Yes I think there is another way to do this but I don''t know if it is faster:

Given vectors A and B originating from the same point P, and you want to find out whether or not B is on the left or right side of A (Vertex b can basically be considered the forward vector of point P).

When you take the dot product of those two vectors, you get the cosine of the angle between them. Now if B is to the left of A and is at a right angle, the angle is -90 and the cosine of that is 0, however if its to the right of A, the angle is (+)90 but the cosine is still 0! So this is useless for finding out left or right.

However, if B is directly in front of point P, meaning the vectors are parallel and running in the same direction, the angle is 0 and the cosine is = 1. If they are parallel but B is behind P, the angle is 180 and cosine = -1! So in other words using the dot product you can find out if an object is in front of point P (>0) or behind it (<0).

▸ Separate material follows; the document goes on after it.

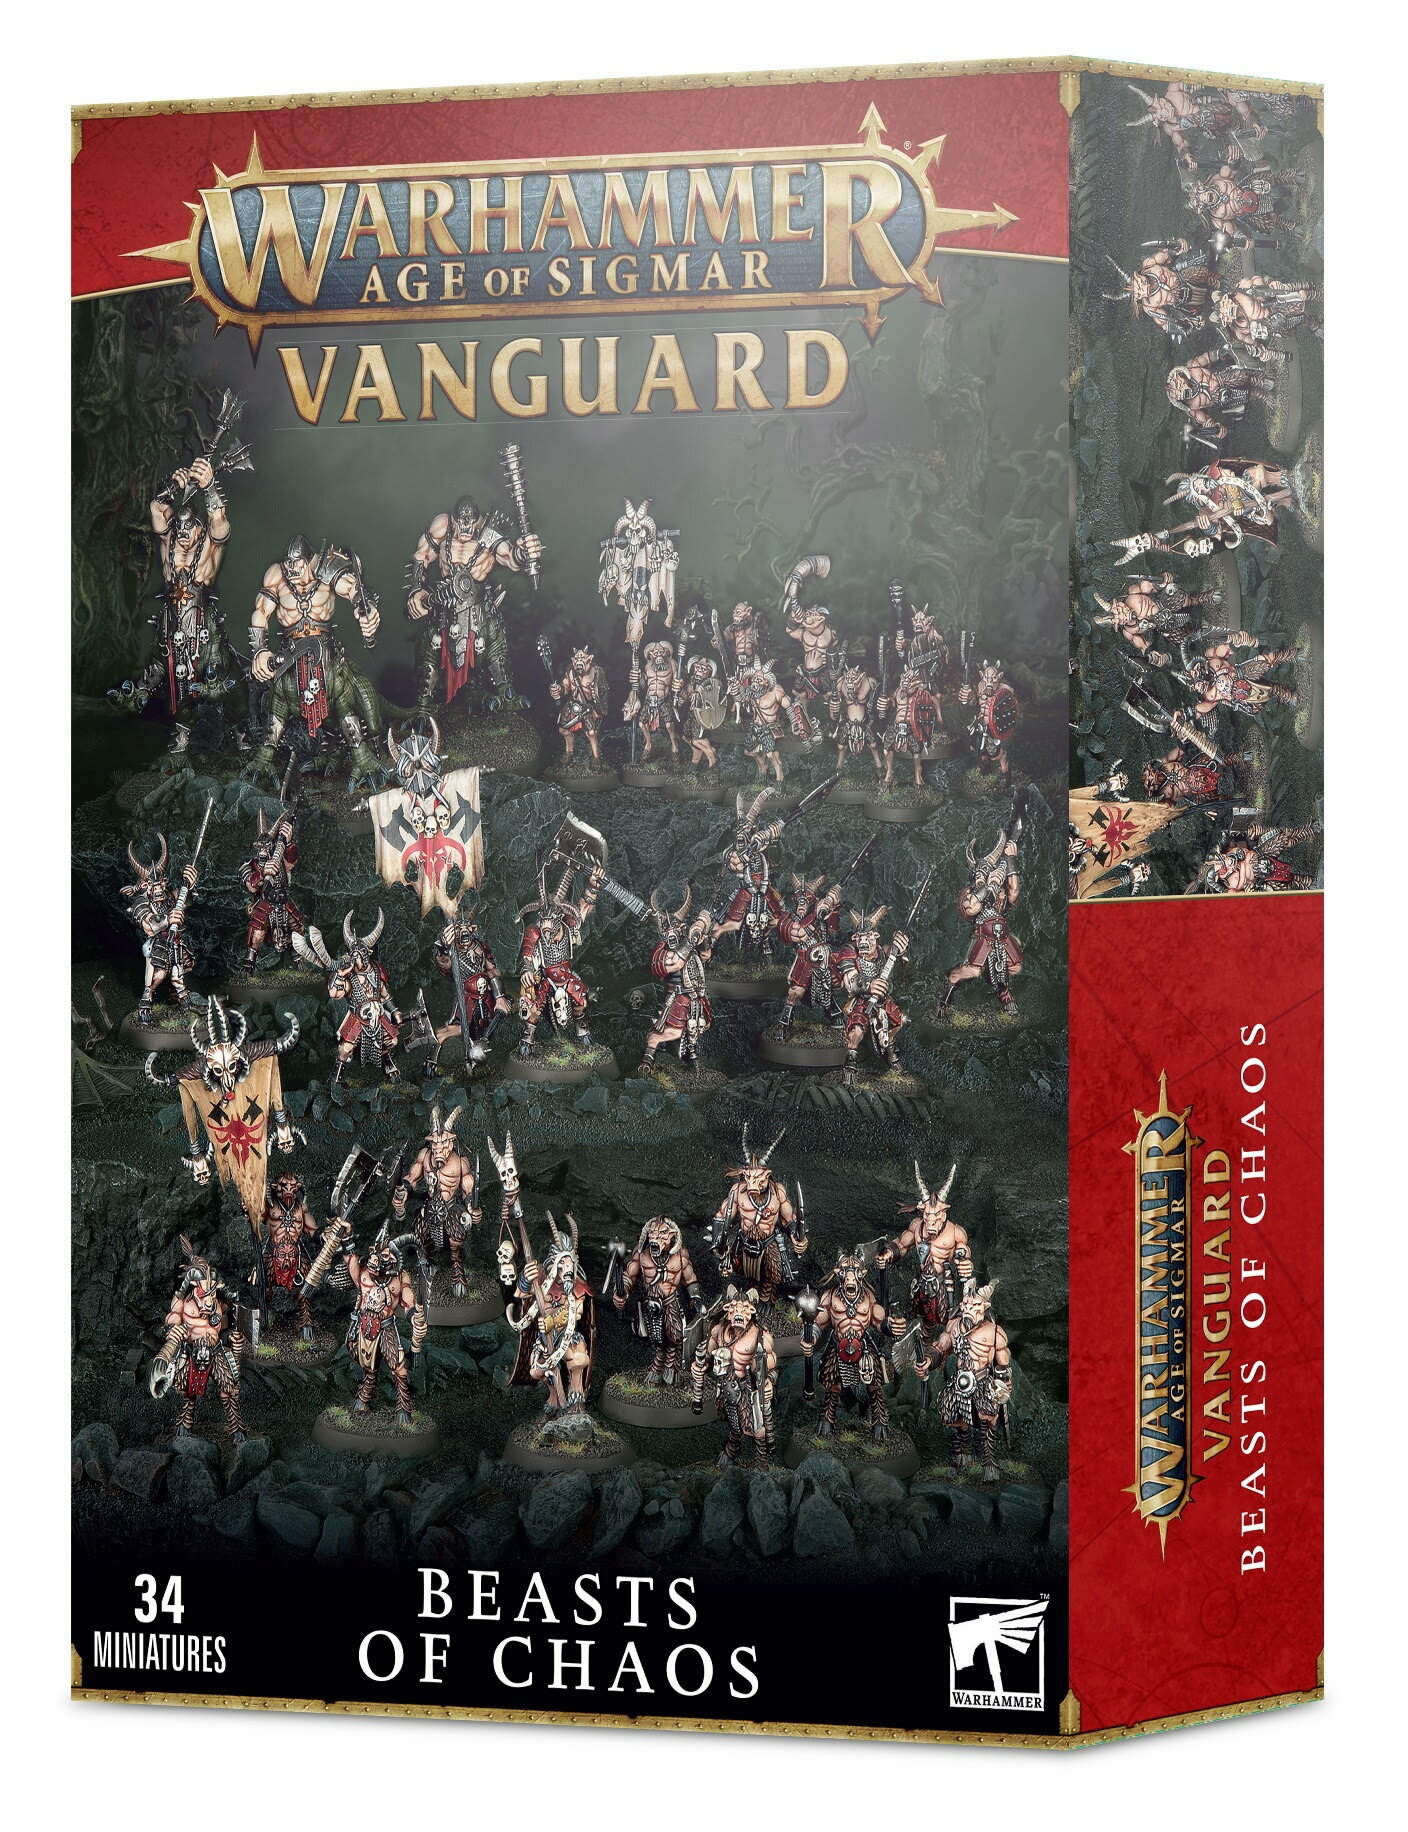  ヴァンガード：ビースト・オヴ・ケイオス  (VANGUARD: BEASTS OF CHAOS) (Warhammer Age of Sigmar)

Now if you want to find if the object is to the left or right instead, you take the normalized vector perpendicular to vertex A, and take the dot product between the normal and B. So now you are checking if the point is behind or in front of the normal, which is the same as saying is B to the left or to the right of A.

Unitize B.
Get the normal of A. (normals are unitized)
Get the dot product of the two.
check if positive or negative.

* B
/
/
/
P *-----* A
|
|
* Na (normal of A)

See by taking the dot product Na*B you get the cosine of the angle between them and the sign tells you if B is on the left or right of P->A.

Yes I think there is another way to do this but I don''t know if it is faster:

Given vectors A and B originating from the same point P, and you want to find out whether or not B is on the left or right side of A (Vertex b can basically be considered the forward vector of point P).

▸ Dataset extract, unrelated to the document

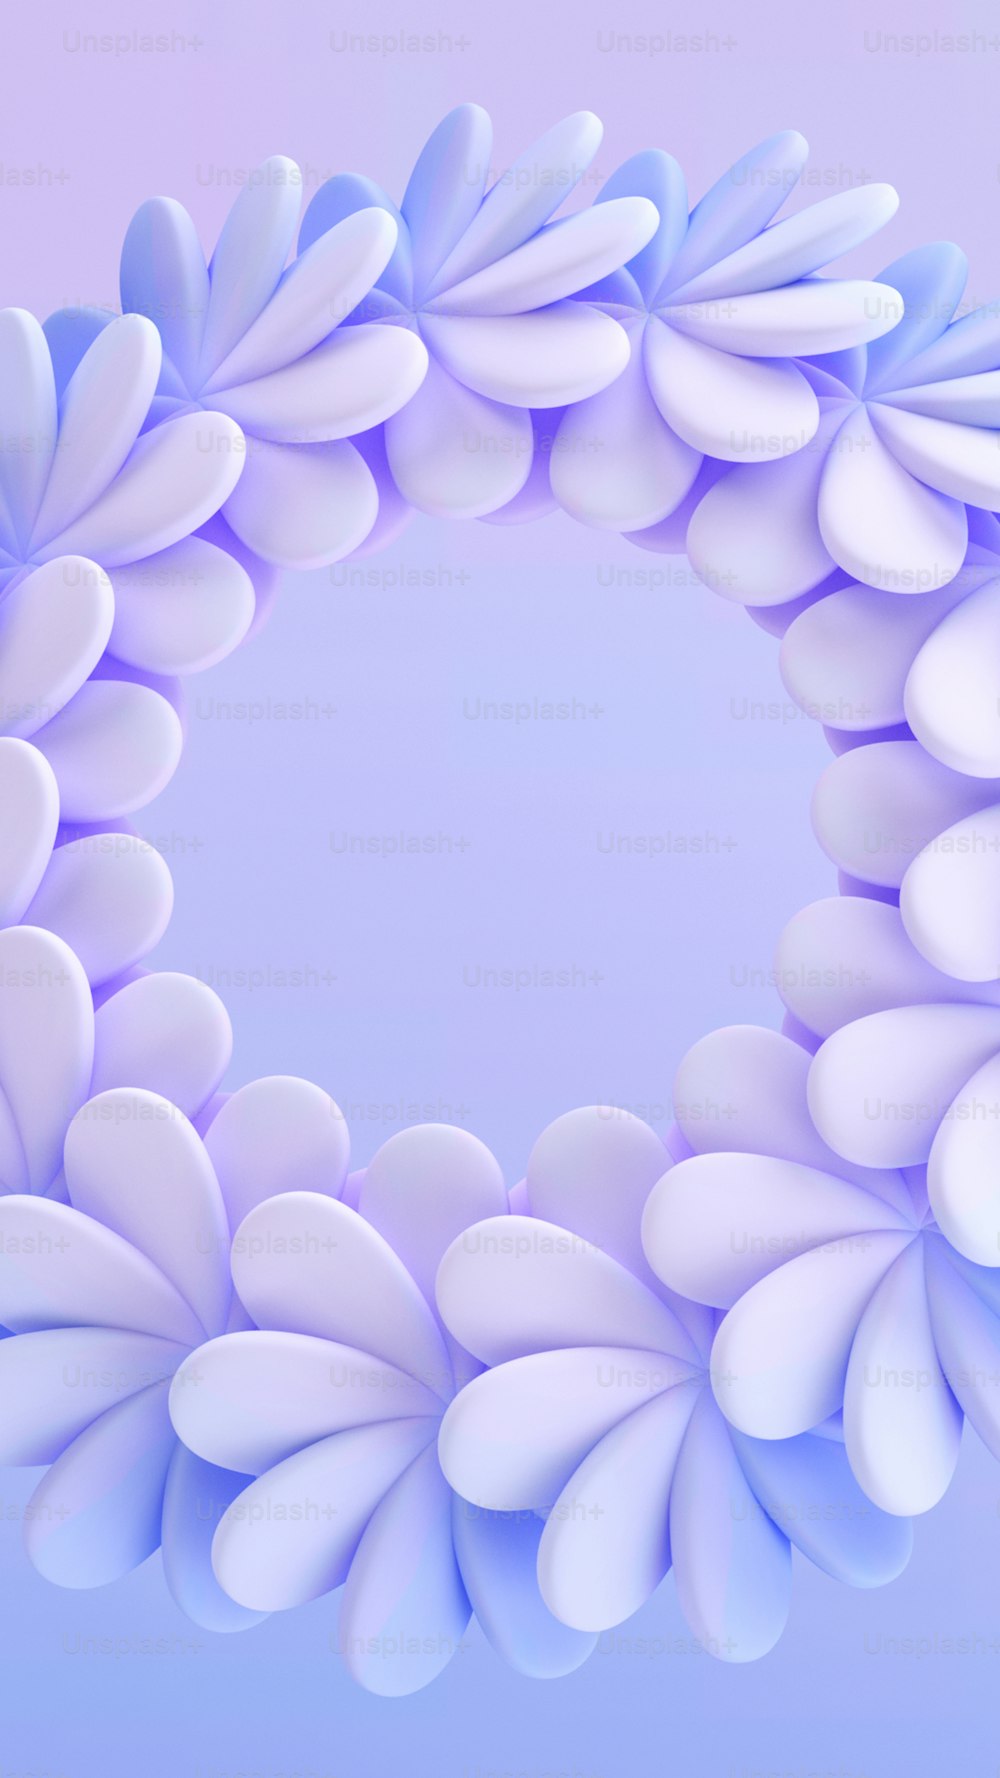 ein blau-weißes kreisförmiges Objekt mit weißen Blütenblättern

When you take the dot product of those two vectors, you get the cosine of the angle between them. Now if B is to the left of A and is at a right angle, the angle is -90 and the cosine of that is 0, however if its to the right of A, the angle is (+)90 but the cosine is still 0! So this is useless for finding out left or right.

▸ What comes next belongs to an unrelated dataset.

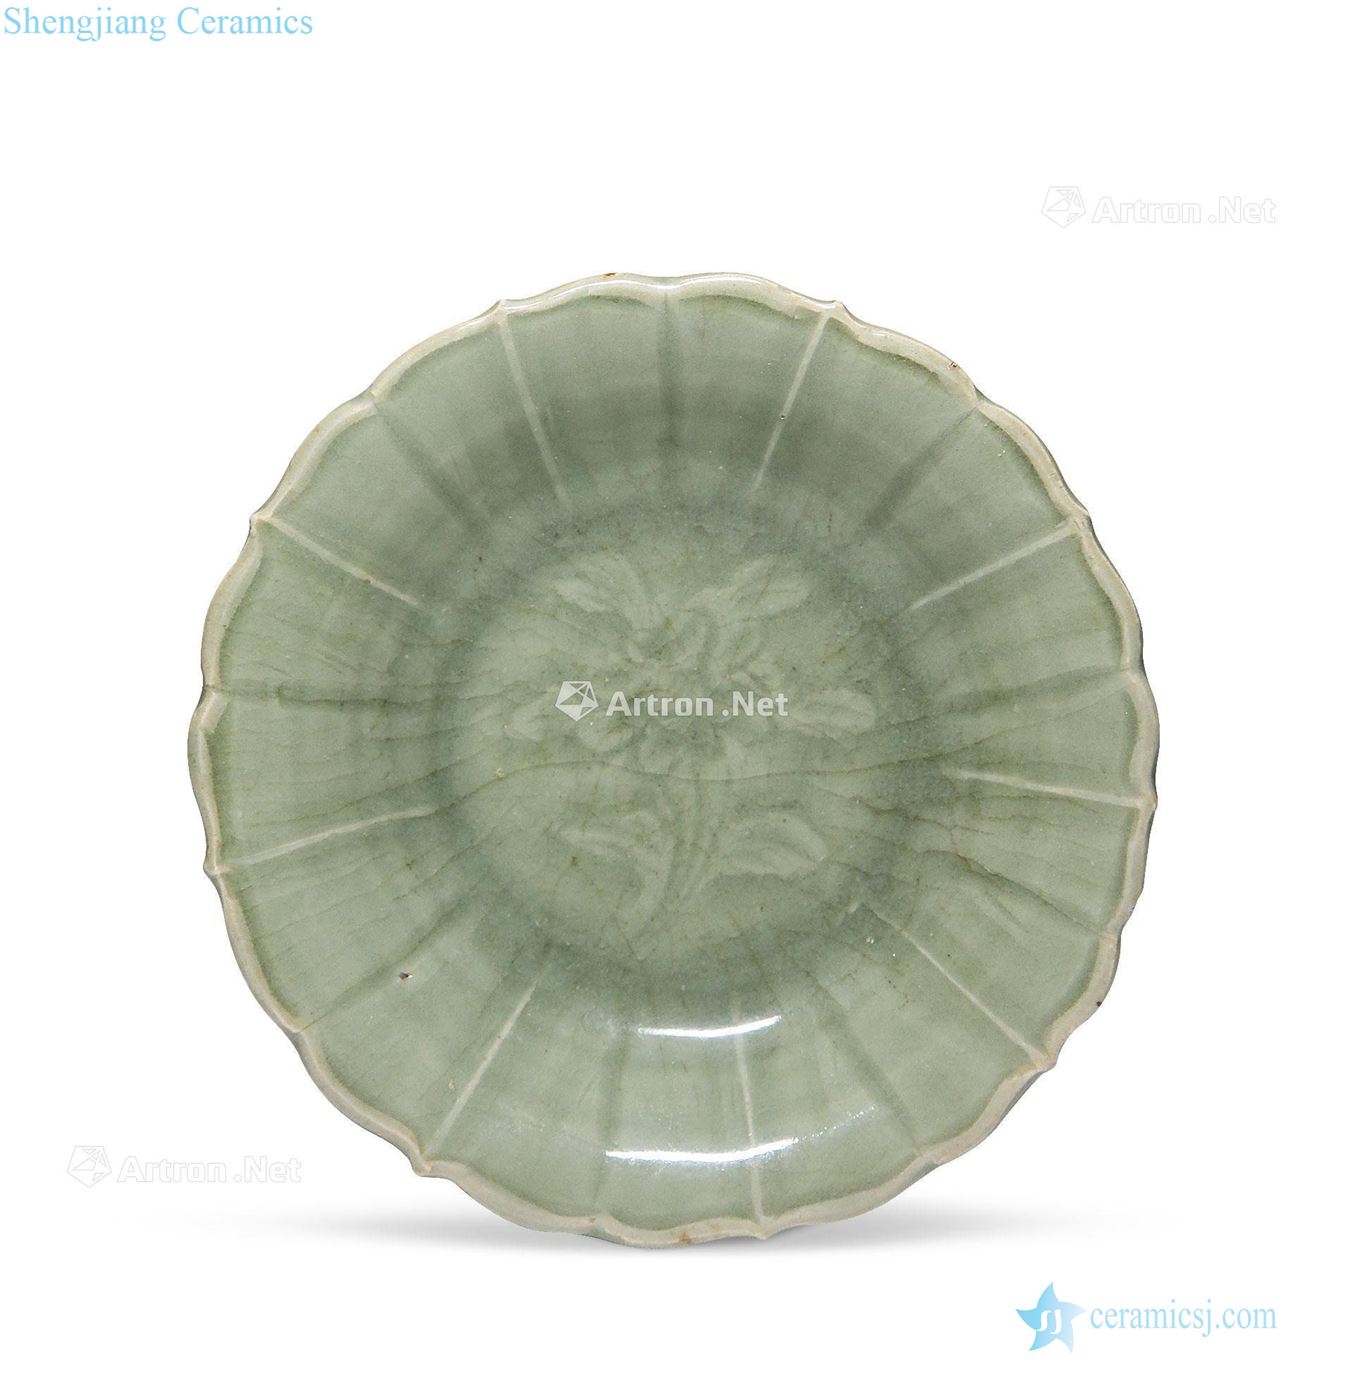 yuan Longquan flower-shaped disc

However, if B is directly in front of point P, meaning the vectors are parallel and running in the same direction, the angle is 0 and the cosine is = 1. If they are parallel but B is behind P, the angle is 180 and cosine = -1! So in other words using the dot product you can find out if an object is in front of point P (>0) or behind it (<0).

Now if you want to find if the object is to the left or right instead, you take the normalized vector perpendicular to vertex A, and take the dot product between the normal and B. So now you are checking if the point is behind or in front of the normal, which is the same as saying is B to the left or to the right of A.

Unitize B.
Get the normal of A. (normals are unitized)
Get the dot product of the two.
check if positive or negative.

* B
/
/
/
P *-----* A
|
|
* Na (normal of A)

See by taking the dot product Na*B you get the cosine of the angle between them and the sign tells you if B is on the left or right of P->A.

Hello botman! Nice to see you here

If the "ground plane" is always parallel to the XY plane (which I assume it is because you mention checking the Z coordinate previously), then you can use some simple linear algebra since the Z axis is unimportant.

From your description of how you use the cross-product, the point on the second vector is to the "left" of the first vector if it lies to the left of a line colinear with the first vector. Otherwise it is to the right. We can emulate such logic with a linear inequality, such as y < x.

What we would first do is find the equation of a line based on the first vector. Point-slope sounds best.

For example, let's say we have a first vector (0,0) - (9,10) and a second vector (0,0) - (-5,2). Using point slope equation:

First vector:
10 - 0 = m(9 - 0), m = 1.11

We're lucky there was no y-intercept here, but you'd have to find that too We can now plug in the non-common second vector point. If y < 1.11x, it's on the right, and if y > 1.11x, it's on the left. y > 1.11x is true in this example (2 > -5.55), so the point is on the left.

The sign of the slope will determine which inequality corresponds to either left of right.

Hopefully this solution doesn't turn out to be worse in code than the cross product method

[edited by - Zipster on February 22, 2003 10:21:13 PM]

If your points are in the XY plane, then all you need really is the z component of the cross-product, so that''s as fast as you can get:

if (x1*y2 > x2*y1) left, else right

Even if it''s not in the XY plane, it probably works; you can safely ignore the z component (unless your plane is vertical)

Cédric